Понять легко, мало кто из художников, даже крупнейших, наделен способностью холодной самокритики; к тому же речь идет о произведении дорогом, как никакое другое. Правда, переписка, завязавшаяся в это время, касается в основном денежных вопросов — Фолкнер и в этом смысле возлагал на роман немалые надежды. "Очень жаль, что Вам не понравились "Флаги в пыли". Если Вы не настаиваете на том, чтобы задерживать у себя рукопись под залог тех двухсот долларов, которыми издательство авансировало меня летом, вышлите ее, пожалуйста, в Оксфорд, чтобы я мог попытать счастья у других издателей". Из другого письма: "…хочу предложить отверг!: Вами рукопись другому издателю. Можно ли это сделать, имея в виду, что я либо заплачу свой долг, либо представлю Вам следующую рукопись, когда она будет завершена? Правда, я не знаю, как скоро это будет, но если мне удастся пристроить «Флаги» и получить аванс, я смогу расплатиться с Вами, только что отослал своему агенту несколько рассказов, может их примут, и тогда я опять-таки смогу вернуть долг. В противном случае просто не знаю, что делать, у меня полно идей, вы, издательский народ, утверждаете, что книги, вроде то? что была отклонена Вами, — просто бред. Боюсь, мне придется продать пишущую машинку и искать себе место, хотя, видит бог, тратить даром талант, какой мне дан, просто святотатство…"

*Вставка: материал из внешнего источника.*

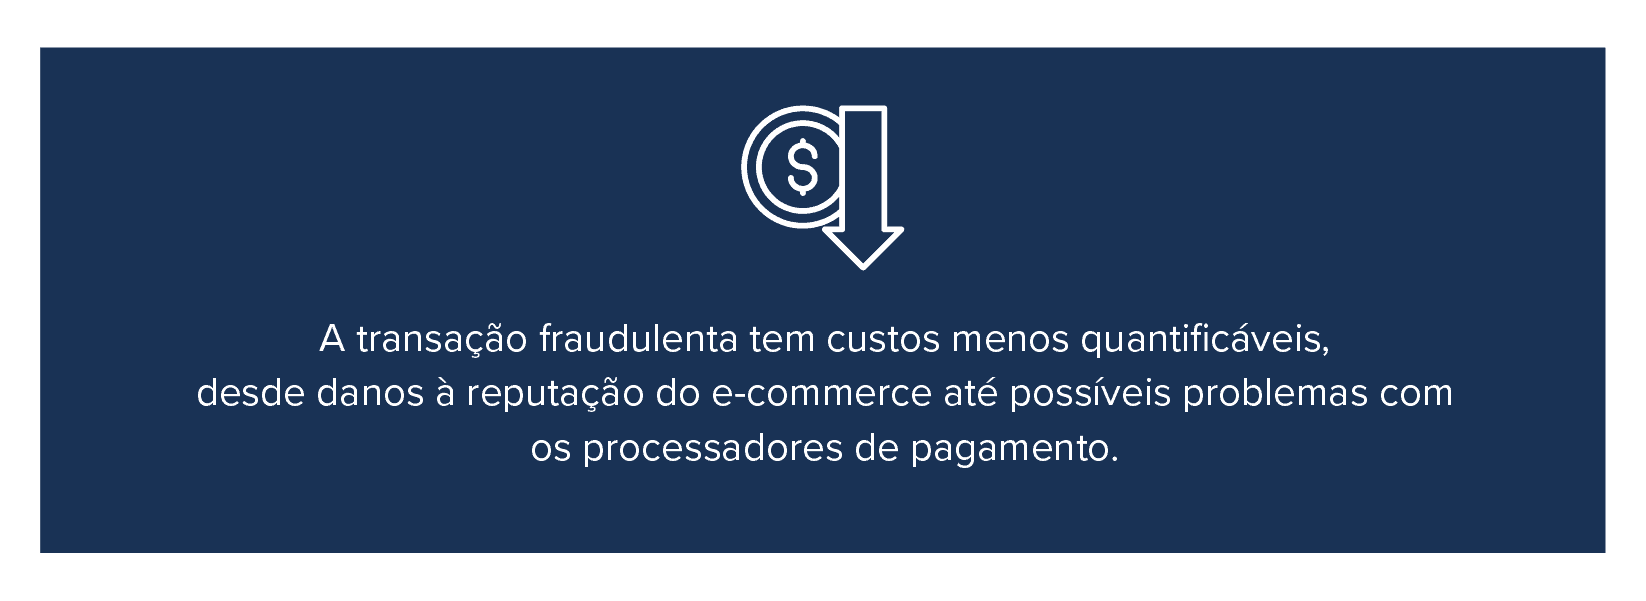 Fraude causa danos à reputação do e-commerce

Видно, Фолкнер в то время и впрямь был в отчаянном положении. И все-таки в поисках выхода из тупика продолжает сохранять убежденность, что именно эта книга "сделает мне имя как писателю". И рассылает ее в разные концы страны не потому лишь, что нужны деньги. Но ответ отовсюду один и тот же: не пойдет.

Так кто же был прав: настойчивый автор или издатели?

Теперь мы можем попытаться понять это — в середине семидесятых, спустя почти полвека по написании, роман пришел-таки к читателю в своей оригинальной форме.

Разумеется, Ливрайт не был филантропом и деньги на ветер не хотел выбрасывать. В то же время, как мы уже имели случай убедиться, не был он и просто коммерсантом, у которого в литературе один лишь интерес — прибыль. Его отзыв — это отзыв опытного редактора, и он был, по чести говоря, прав, утверждая, что роману недостает композиционной строгости, что повествовательное пространство чрезмерно перенаселено. Автор действительно начинает одну историю, потом внезапно ее обрывает, чтобы приняться за другую, а к прежней уже и не возвращается. Сарторисы, появляясь один за другим, втягиваясь в различные приключения, еще как-то друг с другом связаны — хотя бы именем, хотя бы принадлежностью к семье; точно так же и Сноупсы составляют единый клан. Но друг от друга те и другие удалены безнадежно, каждые обживают свой угол и только в нем остаются. А тут еще новые персонажи возникают, у них свои биографии, свои заботы. Образуется какая-то толпа людей, почти не слышащих, да и не желающих слышать друг друга. И вообще, как справедливо заметил в позднейшие времена один критик, роман напоминает одеяние, предметы которого изготовлены в разных местах: пиджак — от Кардена, брюки — от провинциального портного, галстук и рубашка случайно выдернуты из домашнего гардероба.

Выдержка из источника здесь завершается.